Already on GitHub? Sign in to your account
Add parity file support [$5] #314
Comments
From langner....@gmail.com on September 10, 2013 01:41:51 Possible PAR2 implementations: http://www.quickpar.org.uk/ http://hp.vector.co.jp/authors/VA021385/ http://paulhoule.com/phpar2/index.php http://chuchusoft.com/par2_tbb/index.html |
There is an open source implementation here (in Java): And one here (in C#): |
Added $5 bounty to try to get more attention to this feature... |
Is parity recover no longer seen as needed? Or is this concept already incorporated by a supported compression method? |
Parity is still a nice feature to add. We don't have any way to combat block loss other than being lucky that the blocks are still on the machine. |
Ok thanks.
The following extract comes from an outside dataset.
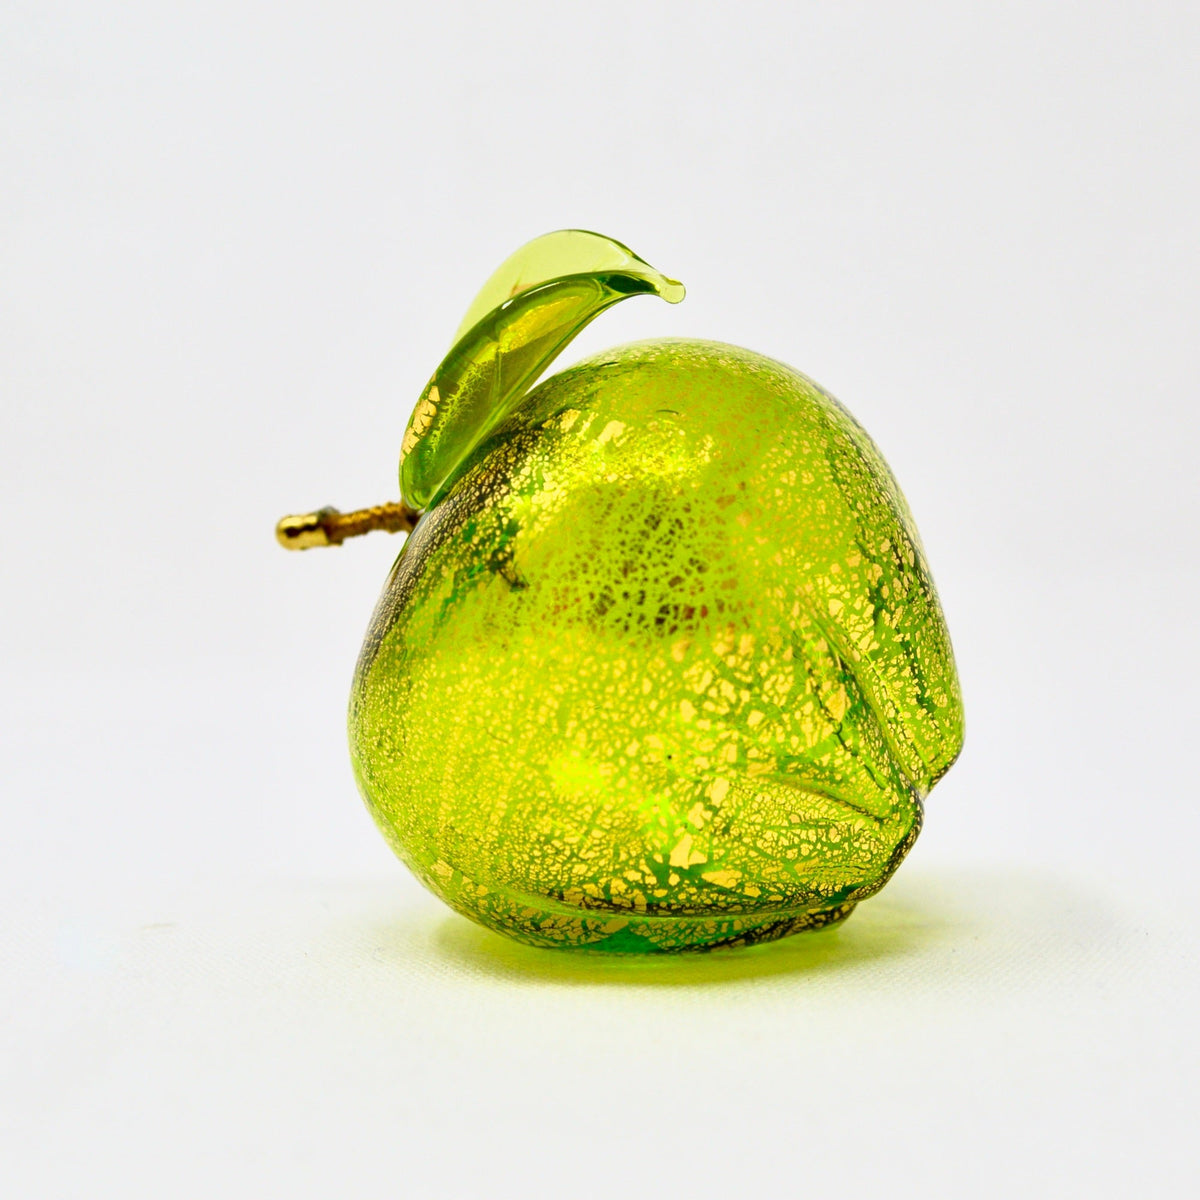 Murano Blown Glass Apple, Light Green with Gold Foil, Made in Italy - My Italian Decor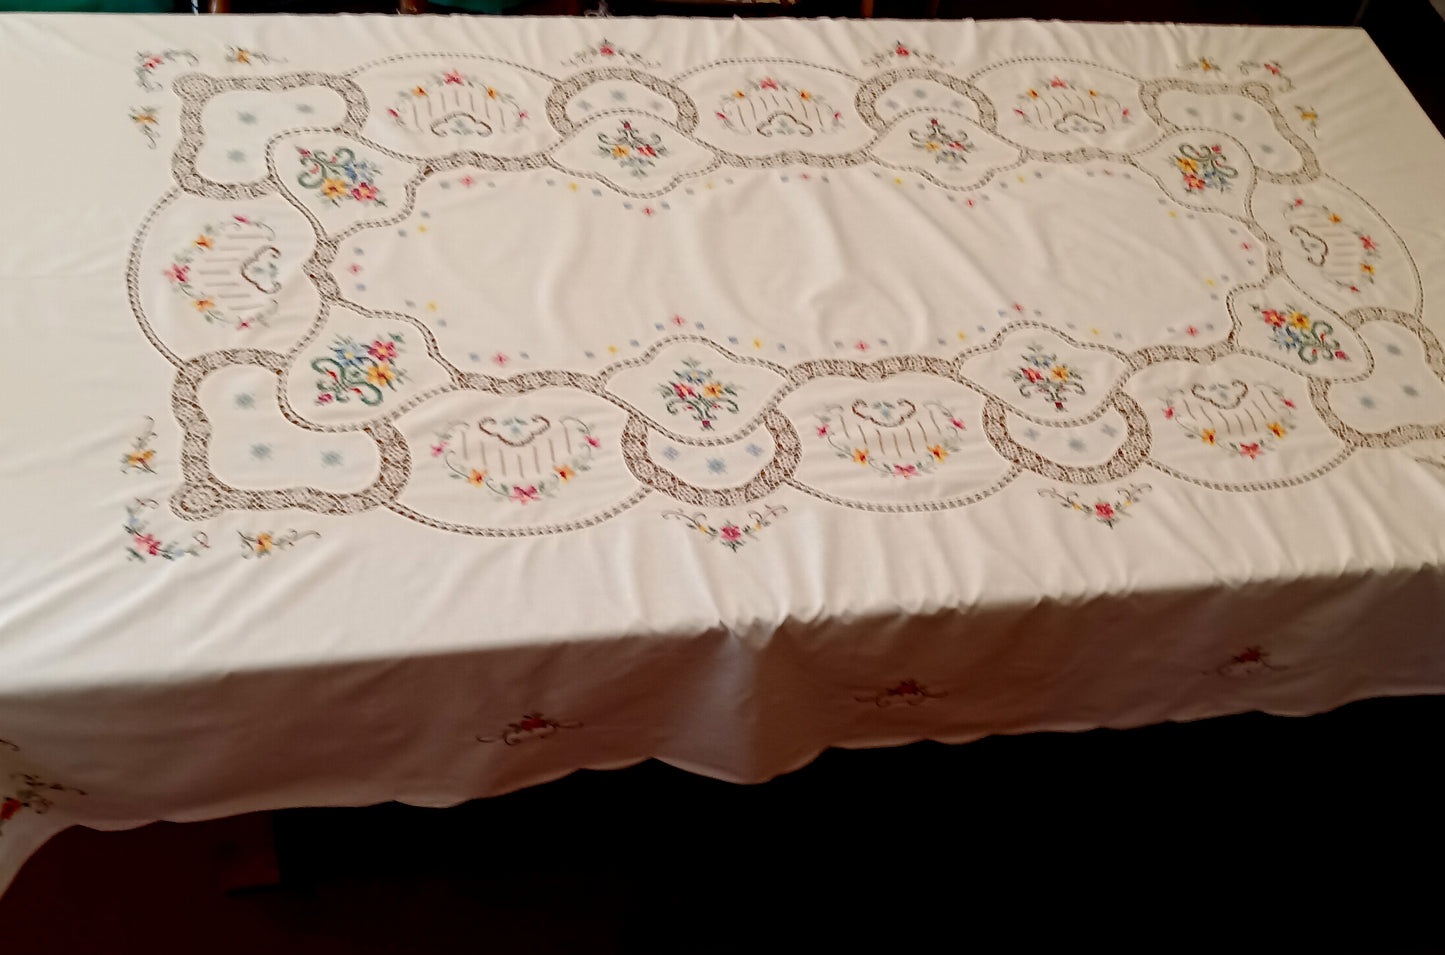 Vintage Handmade Crochet Lace Embroidered Cross Stitch Floral Beige Linen Medallion Rectangle Tablecloth Dining Table Cover 64” W x 94“ L

I'm thinking of adding par2 at least to the backup process to prevent bit rot. I'm thinking the par2 set of files would be zip'd so there is a 1:1 file ratio. It's why I'm starting with my subfolder file limit of 2000 since I may have another 2000 par2 files in a directory. |
Would you see it as a separate file so that it's easier to later "add" for existing backups? I had been thinking a little about how to best deal with that, since we obviously want to grandfather in existing backups without making them reupload everything. Perhaps parity could be added when detected missing on verification? That way we don't even download more data. |
I'm thinking a separate file. The par files can be toggled by an option and added to an existing backup. The idea being it all automagically creates par and repairs files as they traverse to and from the remote backend. I think the adding of par files can be fairly easily accomplished. That could go first. Then I would look to add auto recovery during the retrieval of remote files. If a volume file is bad then check for and pull par files, then repair the file, reload the repaired file and use the repaired file for whatever purpose it was pulled. |
I'm wondering what options to provide: enable-parity-file : (bool) true/false From the users perspective, would just having parity-file-redundancy be enough? If it equals 0 then parity is off and 1-100 would have it enabled. Or are both options needed? With both then it allows the parity-file-redundancy to have a default of say 5. |
@BlueBlock - my vote is for a single option. Default for |
That makes it simple. I have some ideas for how to allow existing backups to add par2 files but any way will mean pulling down a copy in order to add par2 files. So far I have creation of a par2 file for each uploaded backend file. When retrieving a backend file, if the hash does not match then it pulls the par2, performs a repair and also uploads the repaired file to the backend. Then the repaired file is utilized for whatever operation. I'm figuring even 1% redundancy would be good to protect against possible bit rot. I'd probably run at 5-10% for really important things. |
I like the idea of going with 1 consolidated option. For the default value, would "1" not be better? At 1% the parity file is pretty small and offers at least some protection. Note that since a parity file exists in a 1-1 relationship with backend files, the number of files effectively doubles. This won't be a problem once I have the subfolders work done. |
Maybe.... Only negative I can think of is if people are using back ends that are nearing the max file limit. That may push it over the edge. |
The subfolder solution will take care of that even for existing backups. |
Would it be useful to add "Parity" to the usage-reporter feature stats? |
I believe the usage reporter only runs on Google app engine. |
OK thanks. I'll look at it a bit and see if I can run a copy of it. |
What is this saying? Is this a proposal for future if the feature gets done, or is it of any use right now?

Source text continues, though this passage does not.